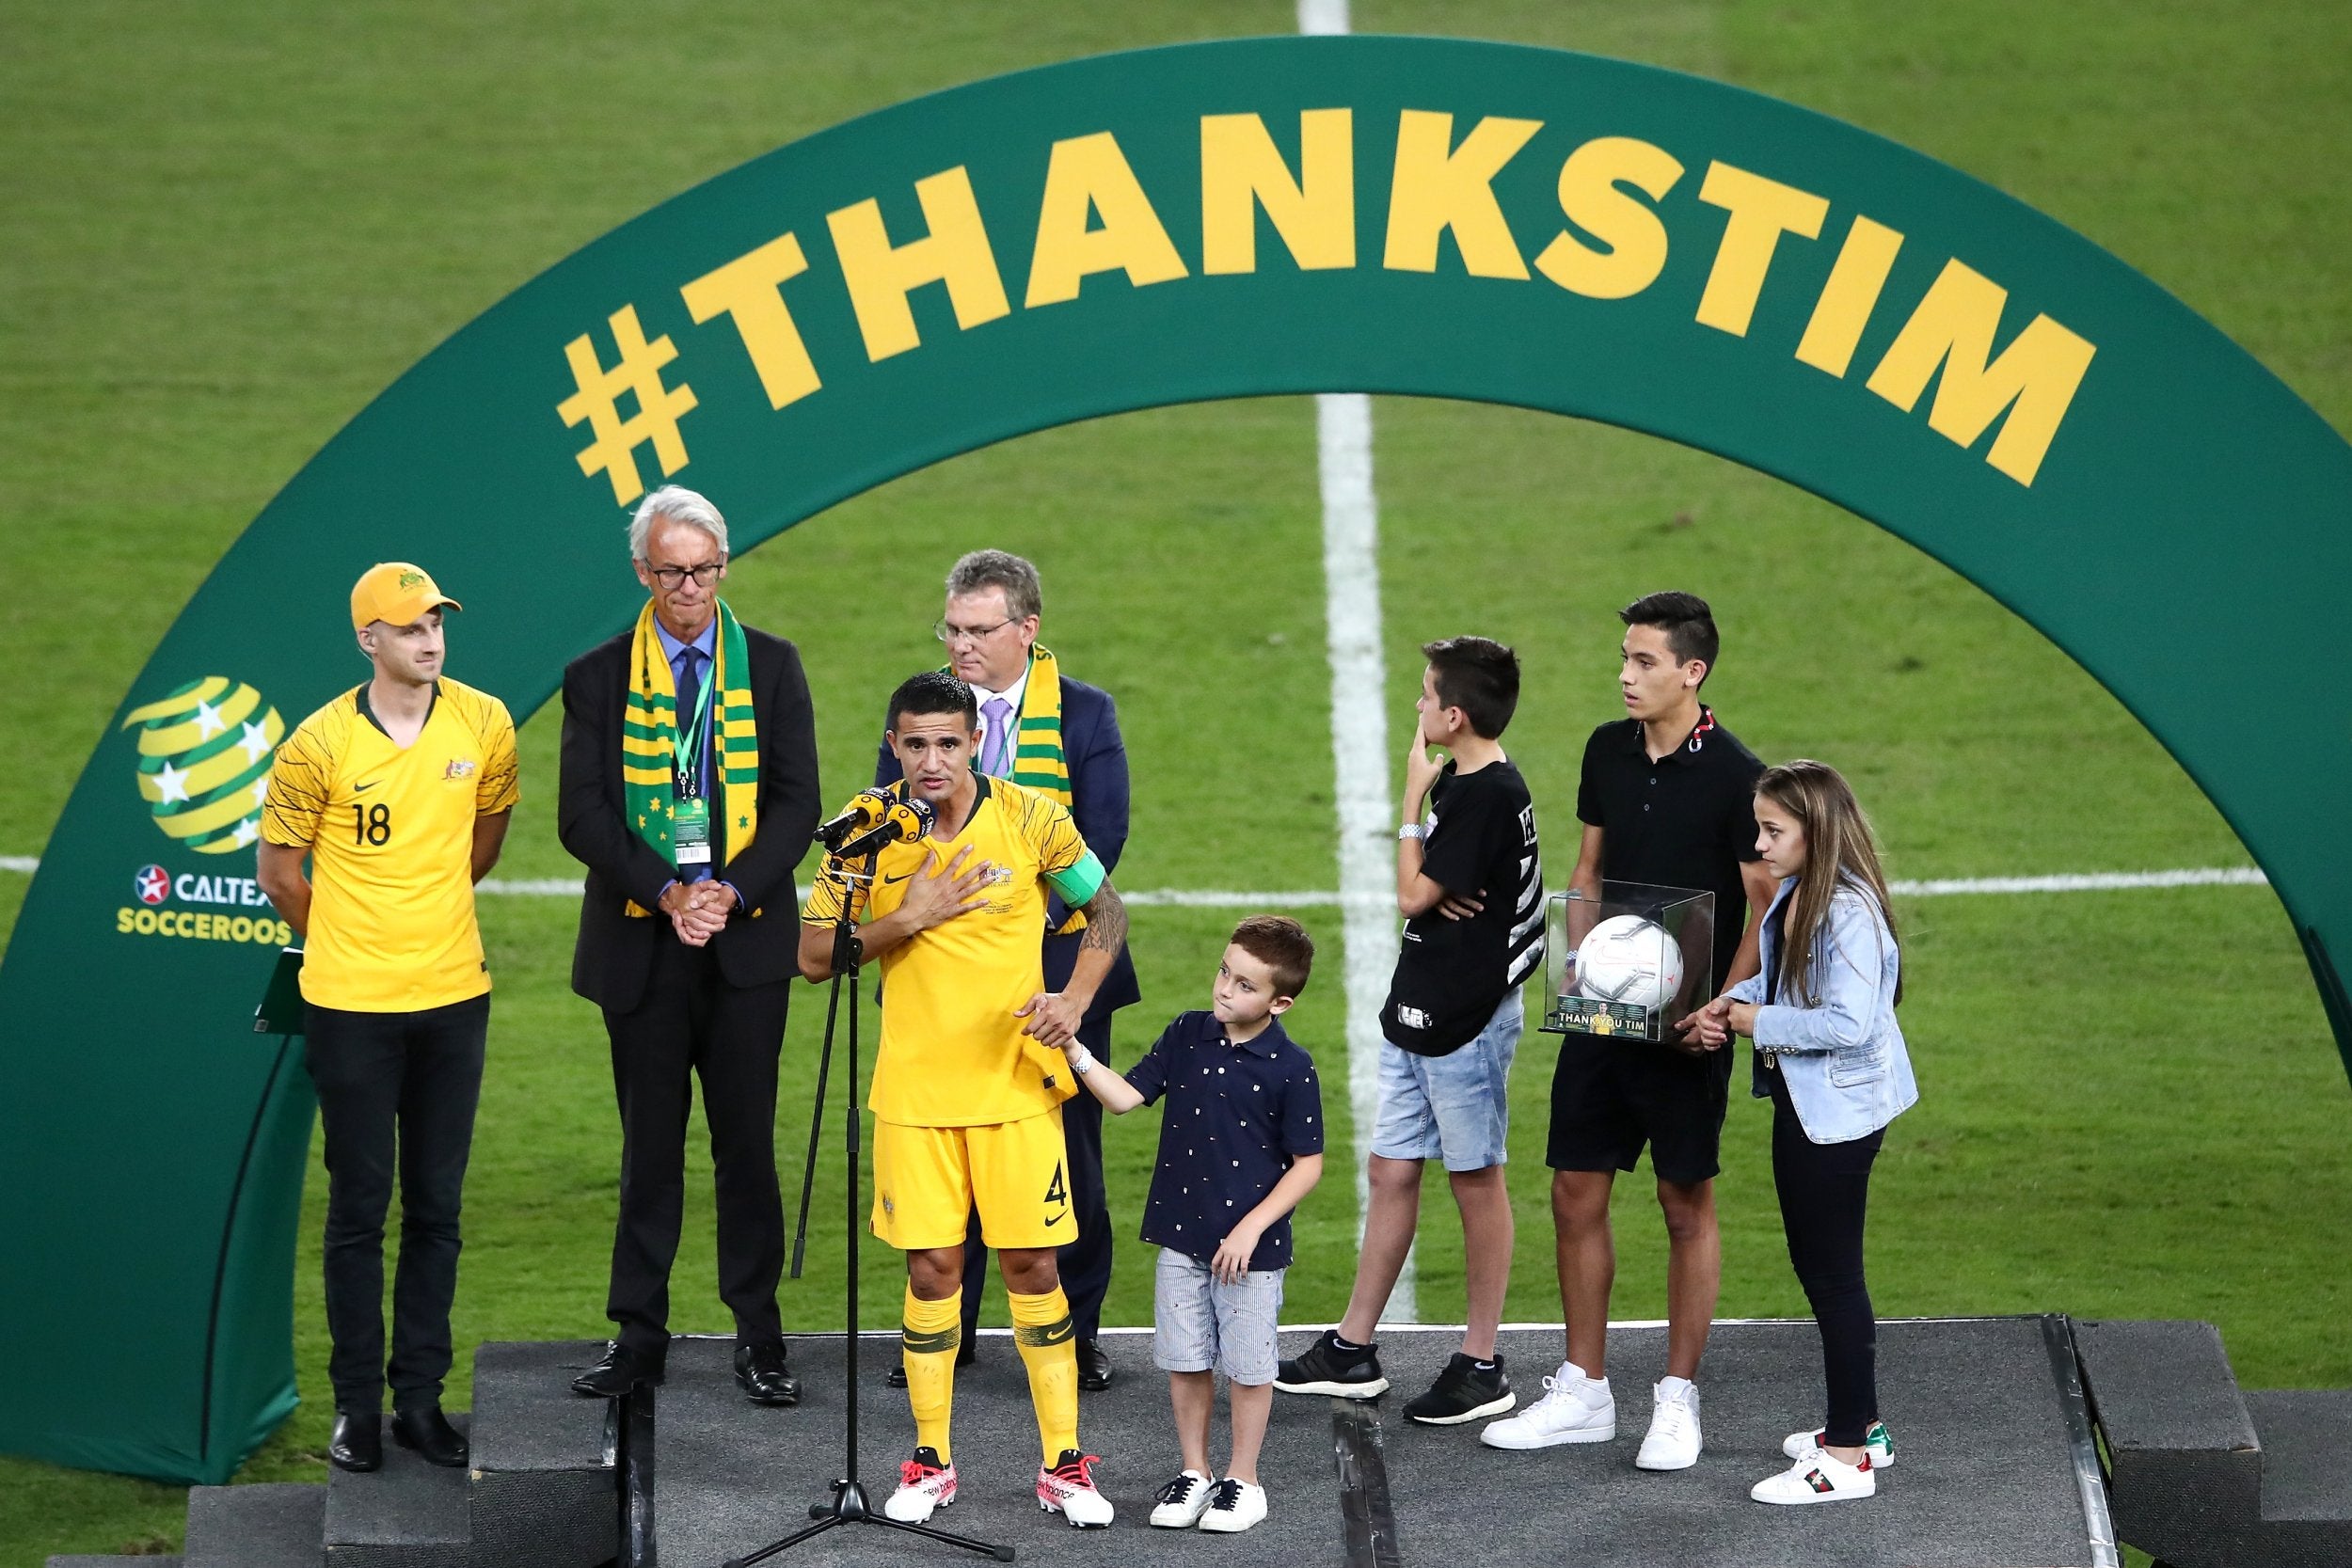 Cahill thanked fans in Sydney
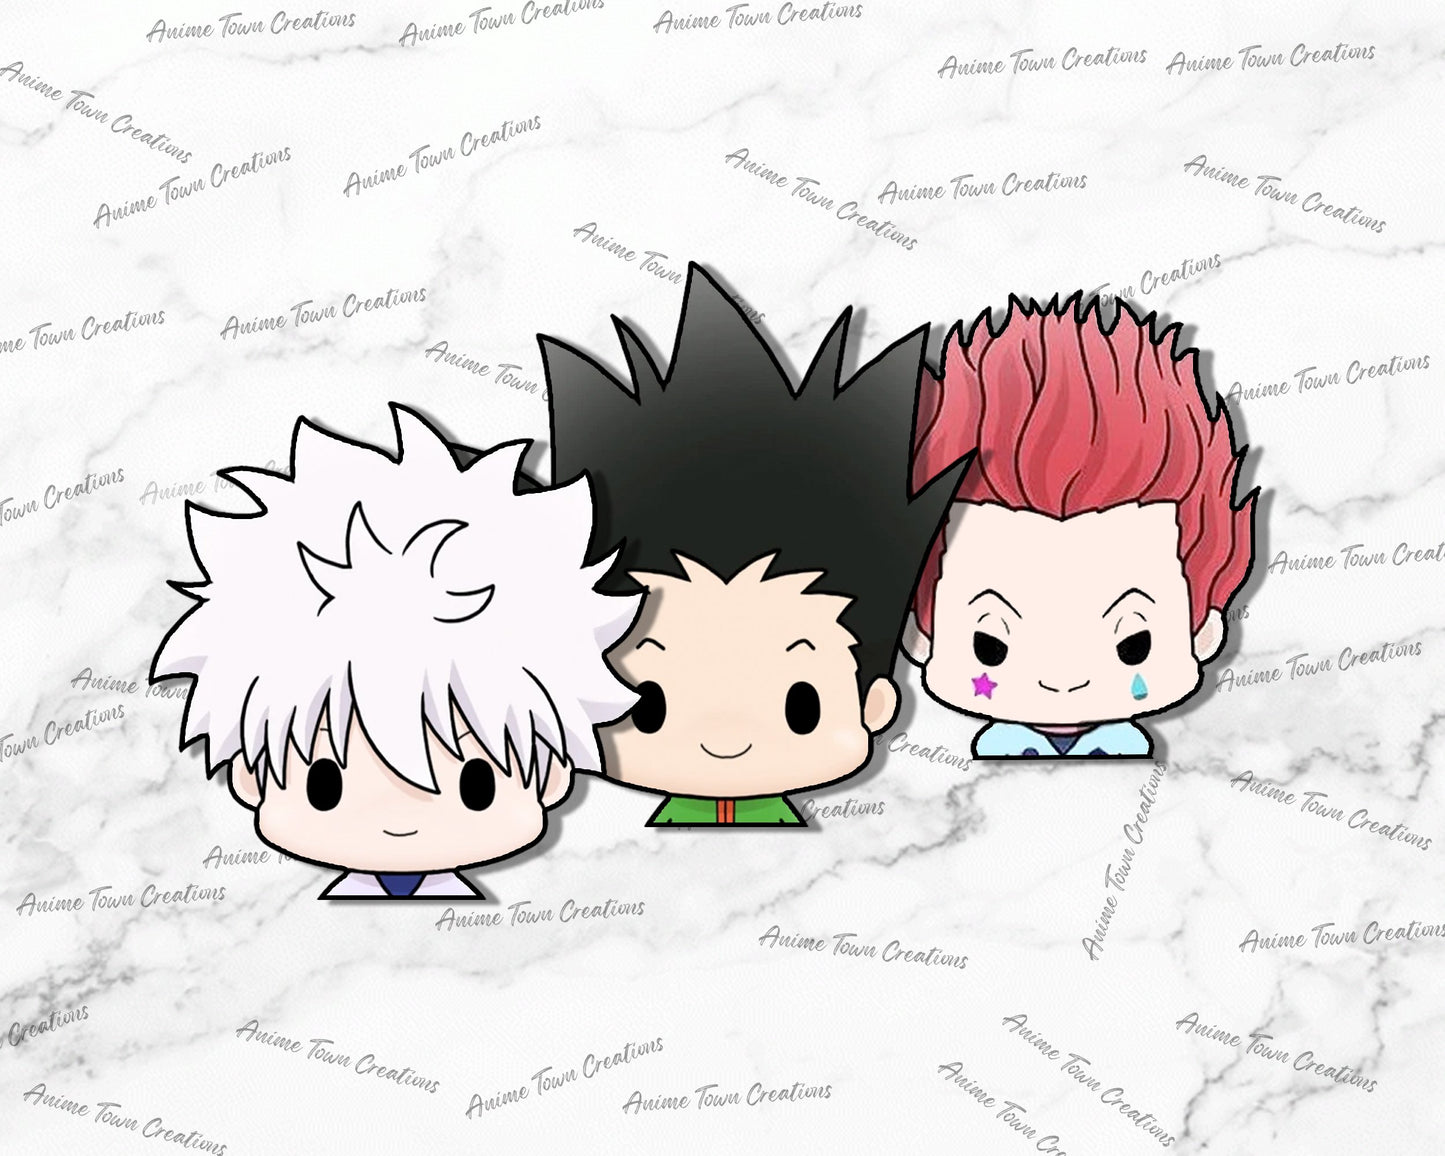 Anime Town Creations Sticker Pack Chibi Hunter x Hunter Peeker 5" Accessories - Anime Hunter x Hunter Pack
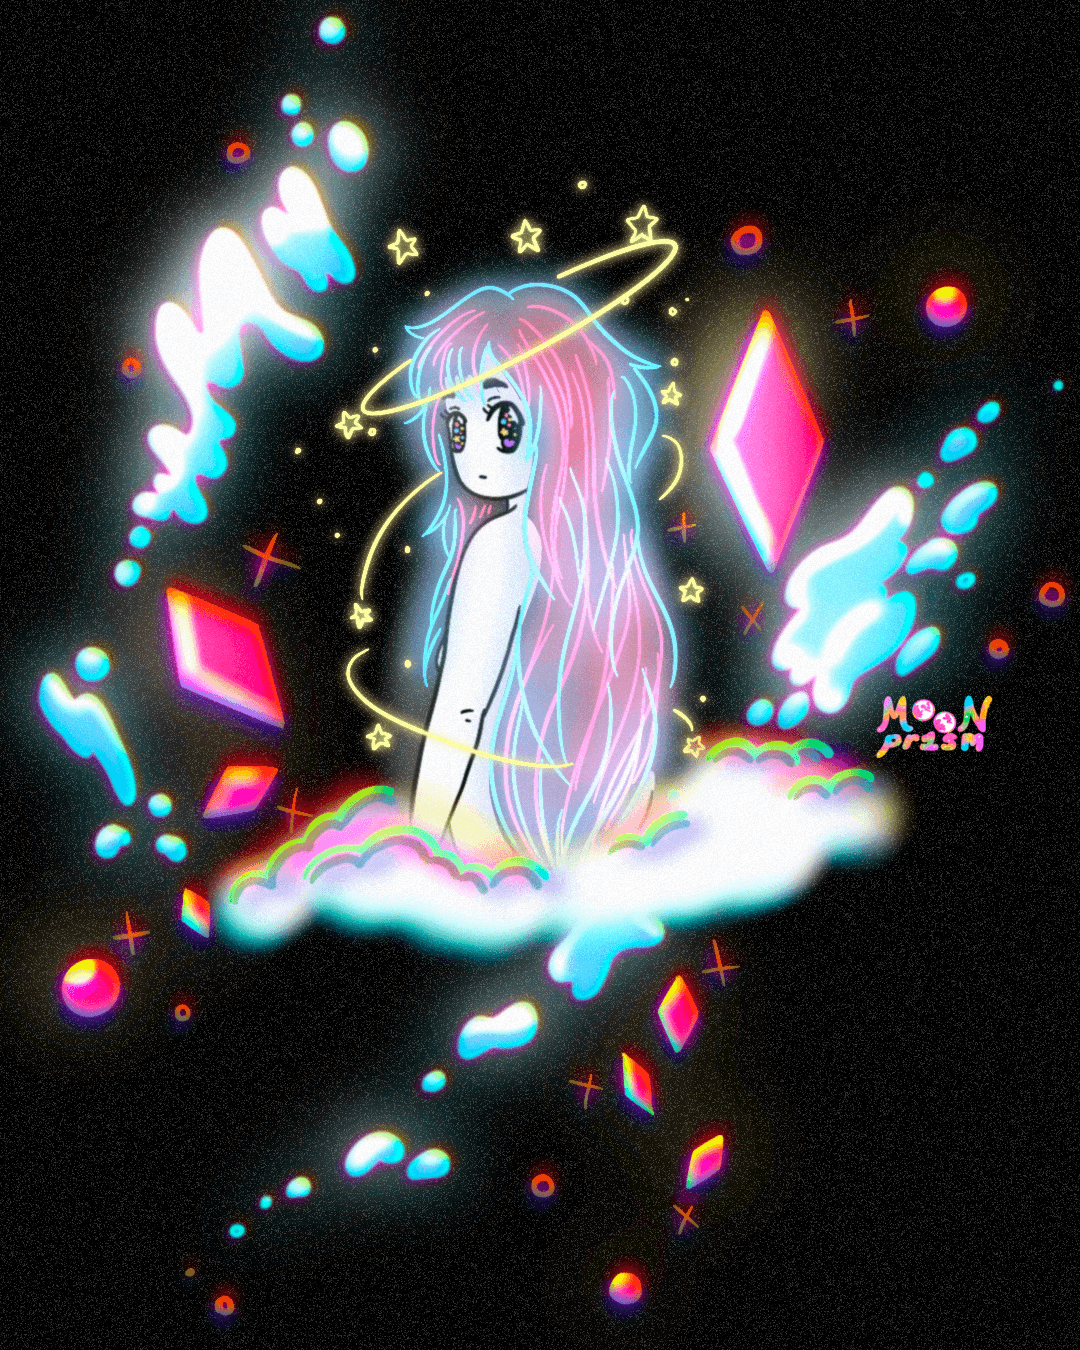 An illustration of a character with large eyes and an enigmatic expression. They appear to be made of white, pink and blue light. They are surrounded by a spiraling gold halo of stars. There are glowing pink diamond and sparkle shapes with blue liquid shapes around them on a black background. They are looking back at you over their shoulder curiously.
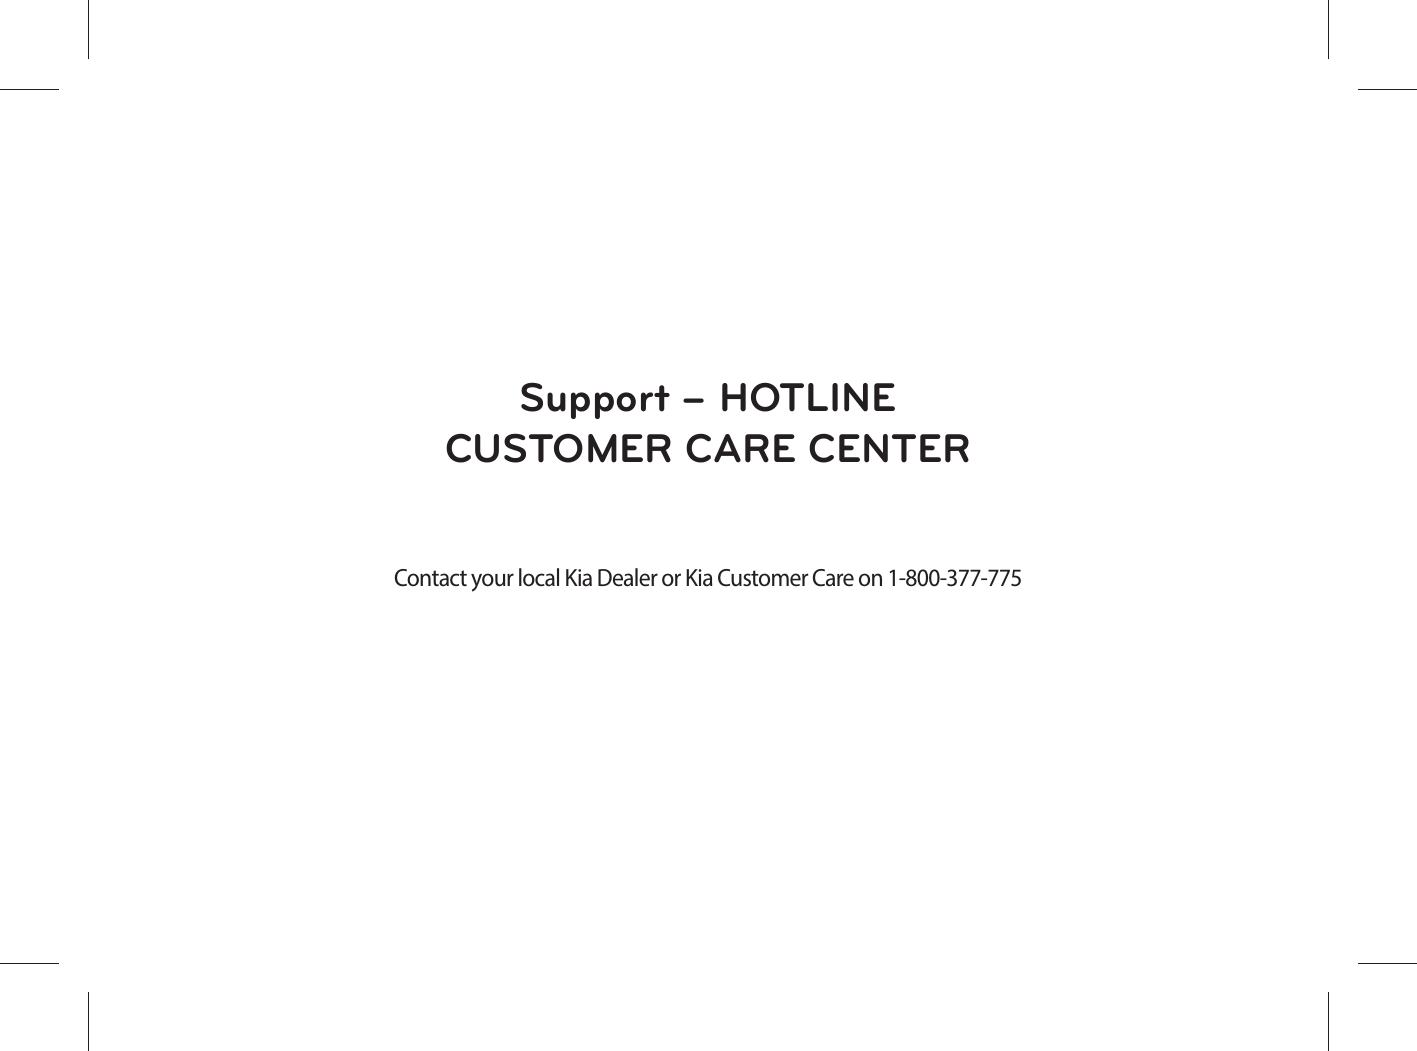 Support – HOTLINECUSTOMER CARE CENTERContact your local Kia Dealer or Kia Customer Care on 1-800-377-775

Work instruction: The required output consists only of the lines from the one containing "Anime Town Creations" to the last line of the material, reproduced exactly, pictures excluded.

Output of the exercise:
 Anime Town Creations Sticker Pack Chibi Hunter x Hunter Peeker 5" Accessories - Anime Hunter x Hunter Pack
 An illustration of a character with large eyes and an enigmatic expression. They appear to be made of white, pink and blue light. They are surrounded by a spiraling gold halo of stars. There are glowing pink diamond and sparkle shapes with blue liquid shapes around them on a black background. They are looking back at you over their shoulder curiously.
 Support – HOTLINECUSTOMER CARE CENTERContact your local Kia Dealer or Kia Customer Care on 1-800-377-775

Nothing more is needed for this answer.